In the past, I've often done this by opening a ServerSocket on the server, listening to connection requests from the client on a known port, creating a short lived Socket, and streaming over the data.  It works and I know how to code it.  But it's not particularly robust, nor scalable, and it's "so 1980s".

Since the client (at least initially) is written in Java, I next thought to use RMI.  From the little I knew it was "simple".  The drawback, that it only worked for Java programs, wasn't a deal breaker.  Sun/Oracle provide some good documentation.

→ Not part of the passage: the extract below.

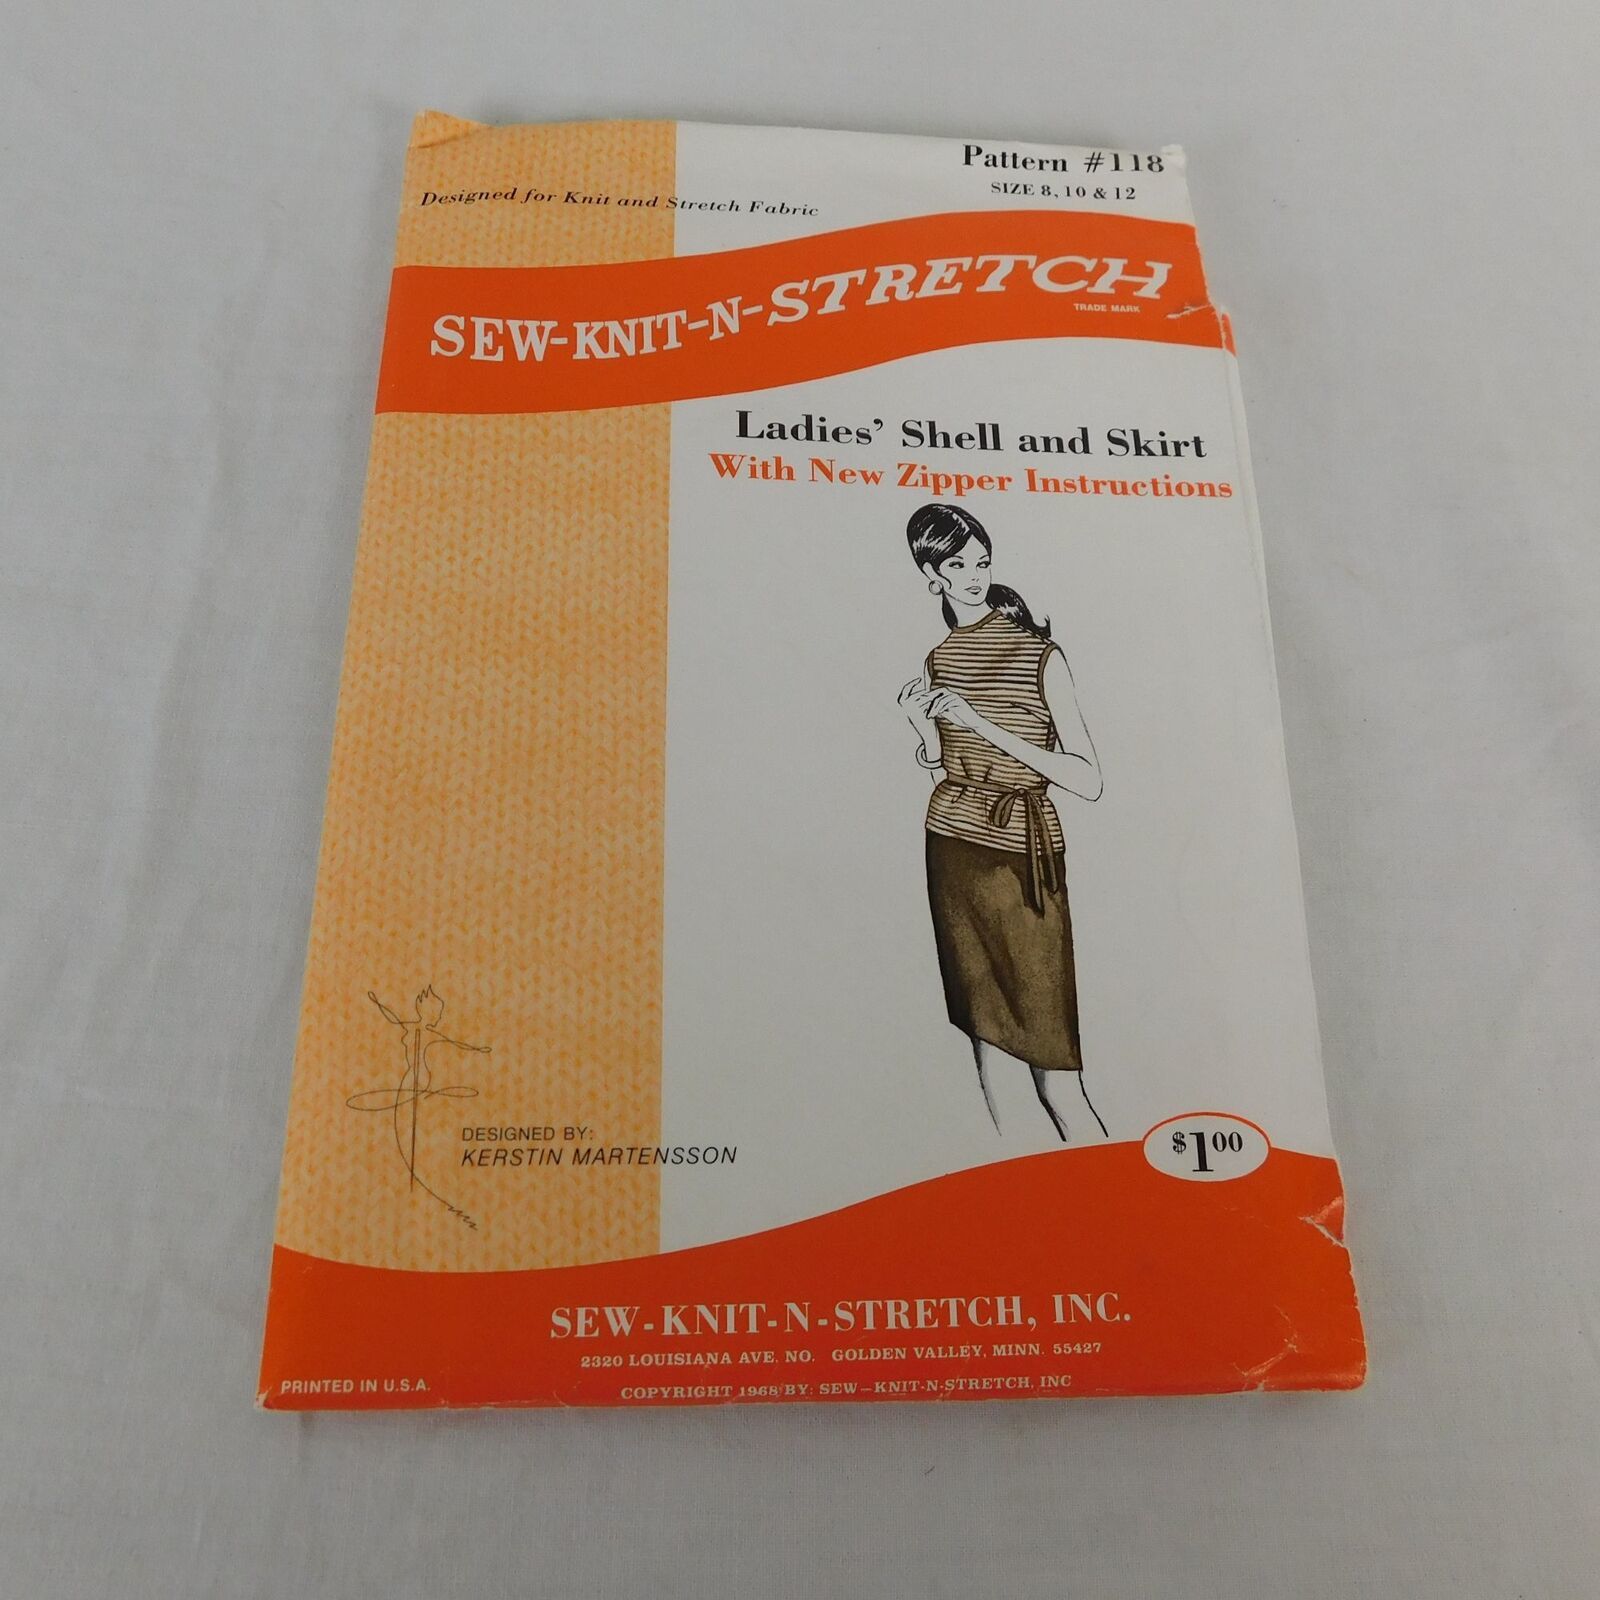 Sew-Knit-N-Stretch Sewing Pattern 118 Ladies Shell Skirt Sizes 8-12 CUT Size 12 - $5.00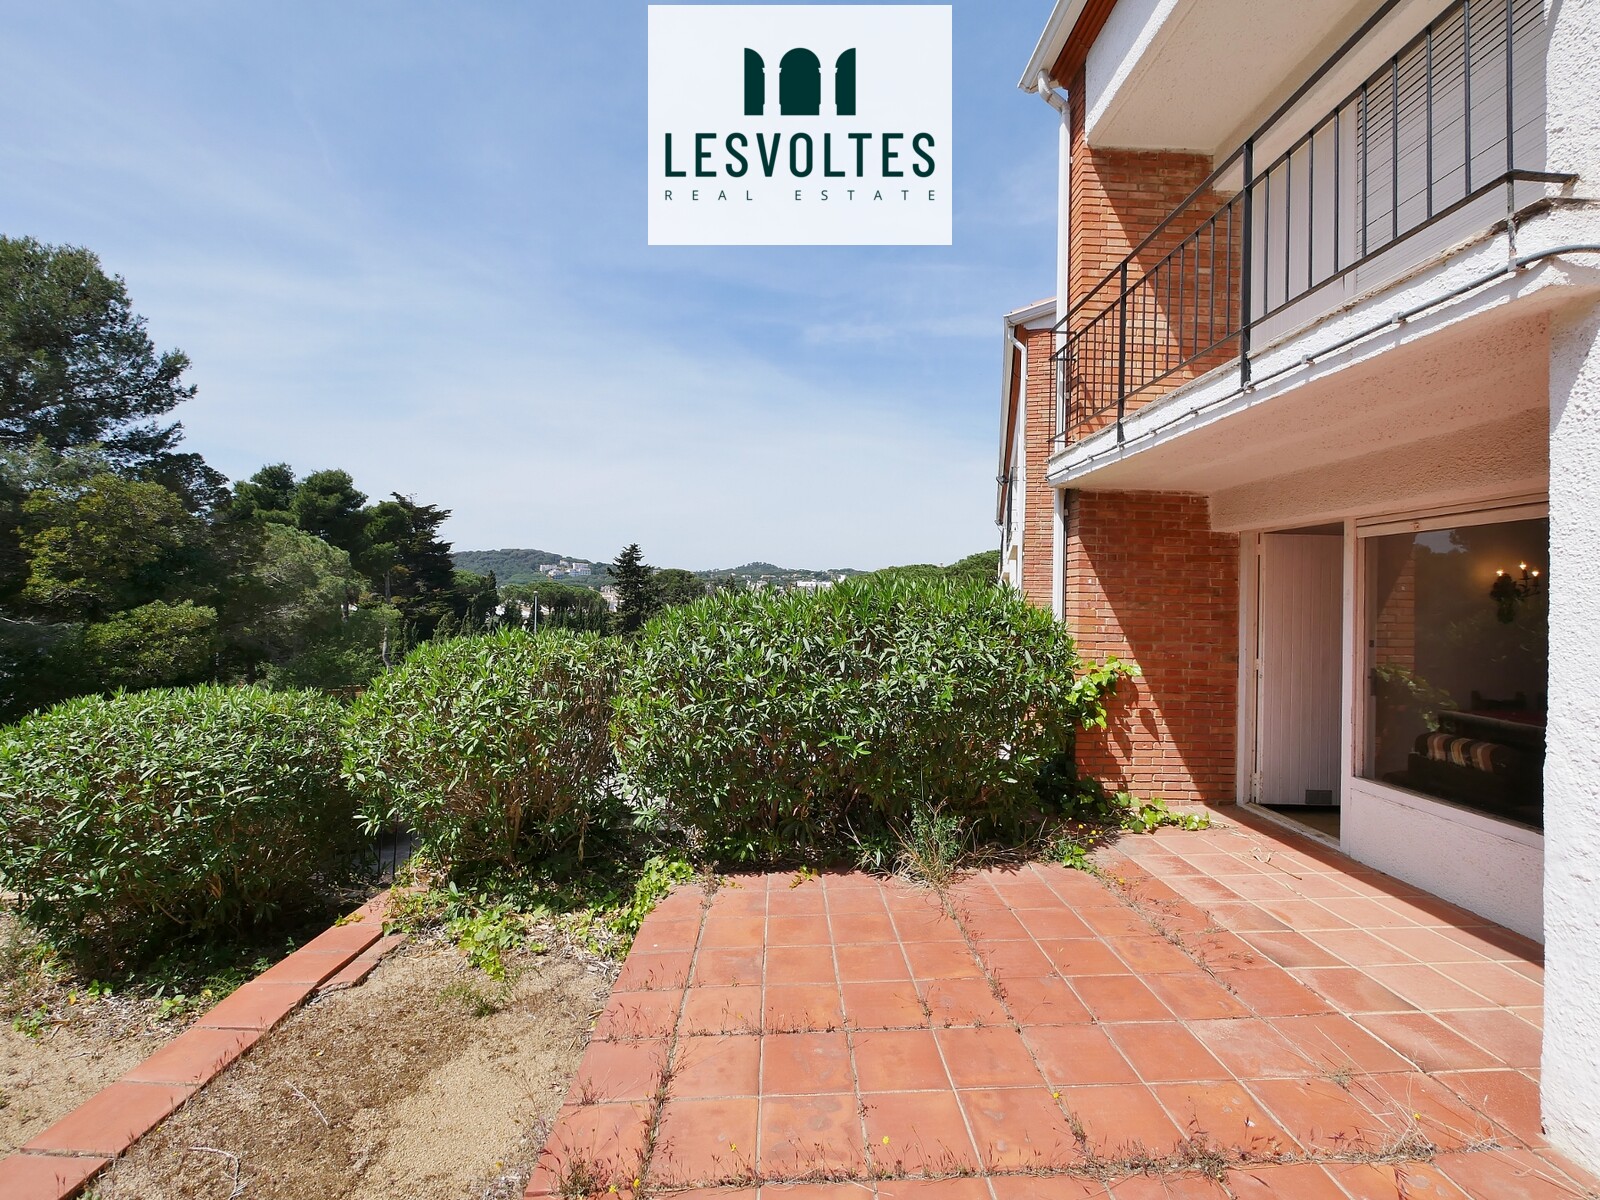 APARTMENT WITH PRIVATE GARDEN AND PARKING SPACE 200 METERS FROM THE BEACH IN CALELLA DE PALAFRUGELL.

As you can see from their docs, basic coding is simple.  Define an interface for the service, implement it on the server, and call it from the client.  Since the messages I was passing were basic Strings, not any fancy business classes, no extra classes needed to be declared.  In my case, the interface was one method

public interface MyInterface extends Remote {
   public void setStatus(String instrumentID, String status) throws RemoteException;
}

and the implementation was also quite simple, storing the message in a HashMap.  Well, simple once I realized that the call needed to declare that it throws a RemoteException.  Forget that and it won't work.  Also, both server and client need a main() to do basic registration.  But there's much more.  The Devil is in the details.

Setting up the classes and .jar files to compile is a minor PITA.  Even in my very trivial case.  Mainly getting everything onto the right classpath.  As you can imagine from the tutorial, this could be complex for a complex RMI call, or if the classes depend on numerous other classes or jar files.

On the server, somebody must manually start the registry, rmiregistry.  This seems a needless step, because in main the server class calls

MyImpl theServer = new MyImpl();
Naming.rebind(NAME, myImpl);

Why can't the java.rmi.Naming check to see that rmiregistry is running?  There's probably some complex cases where you don't want this, or a security issue, but why not handle the simple case?  BTW, just like a ServerSocket, the client needs to know the host and port for the rmiregistry.  No big advantage to RMI here. (yes, once you have multiple RMI calls, it's simpler cause you need only assign one port, not many)

There's a possible classpath issue on the server, where you may have to set java.rmi.server.codebaseWhy?  In my case the one interface that my client uses, MyInterface, has already been included and resolved in the code - it gets compiled!  Isn't the idea to code to an interface and try not to think about the implementations?  Sure, there's probably a good reason, but another hassle.

Much more tedious is the SecurityManager stuff.  In your main, you have to provide a SecurityManager. 

System.setSecurityManager(new RMISecurityManager());


 Why?  Why have security and force people to put in their own, especially when the code examples all grant AllPermissions?  Seems like saying "we have a lock, but you must replace it with an open door".  And, frankly, I never even got this to work.  Probably got some of the -Ds wrong in the runtime arguments.  Luckily, I found this RMI tutorial  where they override key security checks to do nothing.

System.setSecurityManager (new RMISecurityManager() {
public void checkConnect (String host, int port) {}
  public void checkConnect (String host, int port, Object context) {}
});


By doing this I got RMI to work.  But the security hassles seem designed to lead the user to provide no security, and, IMO, the whole RMI setup issue is a PITA.  Besides, RMI is so "2000".  If you Google "Java RMI sucks", you'll get a lot of hits.  This one was useful.

I next looked into REST, much more trendy and cutting edge, for which JavaEE 6 provides support.  It worked for me.  More in a later blog.